Parenting teenagers has its ups and downs. Get advice from Mumsnetters here.

"I don't like you."

28 replies

Dontknowowt · 03/05/2021 22:38

Has anyone had this said to them by their teenager? Thing is, I think my son genuinely means it.

OP posts:
steppemum · 03/05/2021 22:50

yes, and I think it is quite common.

My ds said it to me a number of times (and worse)
He is now 18 and doesn't say, and I don't think he thinks it anymore.

I realise that it was part of him finding his own opinions and defining himself as a person.
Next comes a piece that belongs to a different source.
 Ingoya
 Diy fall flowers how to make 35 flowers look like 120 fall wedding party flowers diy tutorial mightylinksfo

It is also part of moving to a different type of relationship.
Now, he has a few friends whose parents are very different to us, and he has come to realise that we are really not bad, that he does quite well at home actually, and so he has come to appreciate us.

I used to ignore all these types of comments and just say - well we love you, even when you are being unpleasant!
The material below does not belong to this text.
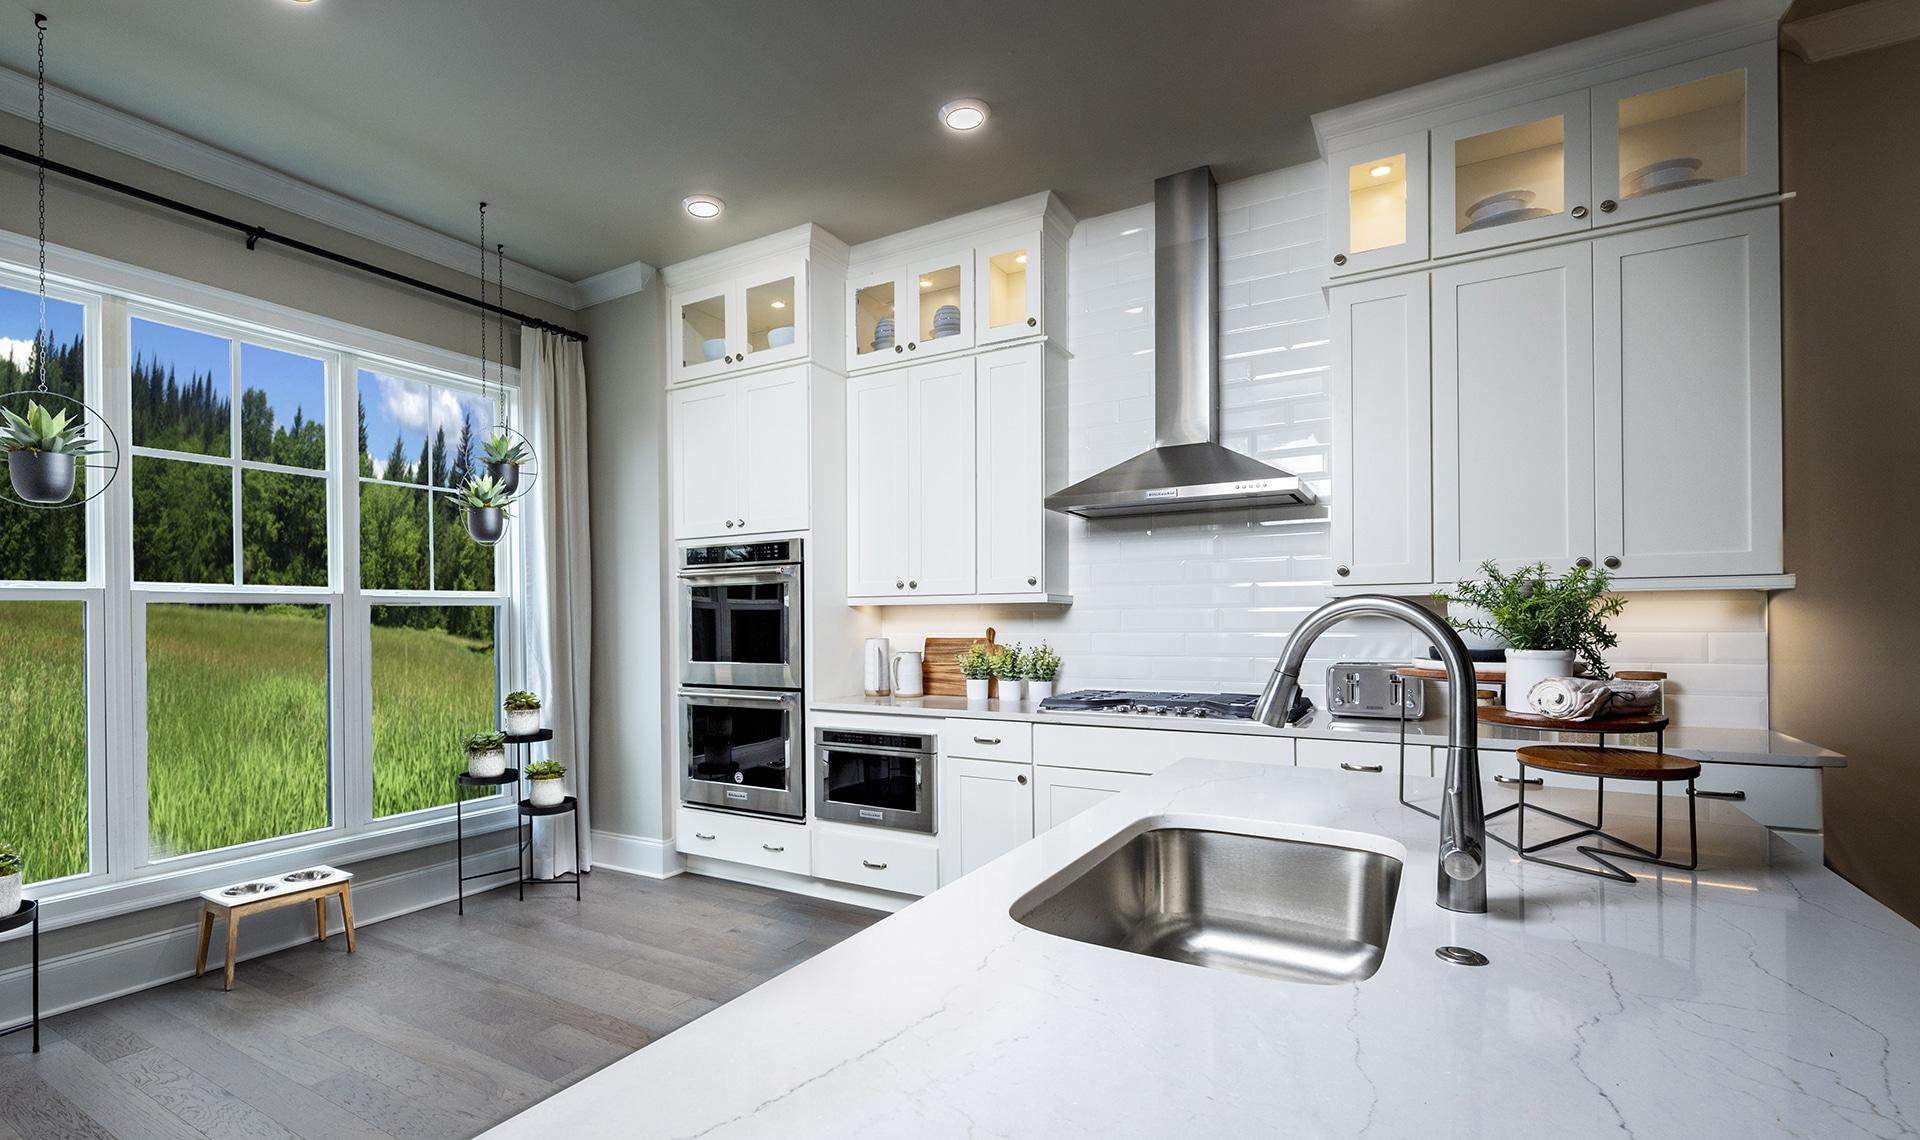 Virtual Open Houses at New Intown, Metro Atlanta Communities

Icanflyhigh · 03/05/2021 23:15

DD1 told DP only last week that she didn't actually like him. Very hurtful, and she knows it, and on the back of her telling a social worker how much she likes DP.

mineofuselessinformation · 03/05/2021 23:32

'Well, I love you, but I don't like what you just said.' puts it back to them, but not in an unkind way.
It's not uncommon for teens to say things like that. In fact, it's more common to get 'I hate you'. Try not to take it personally.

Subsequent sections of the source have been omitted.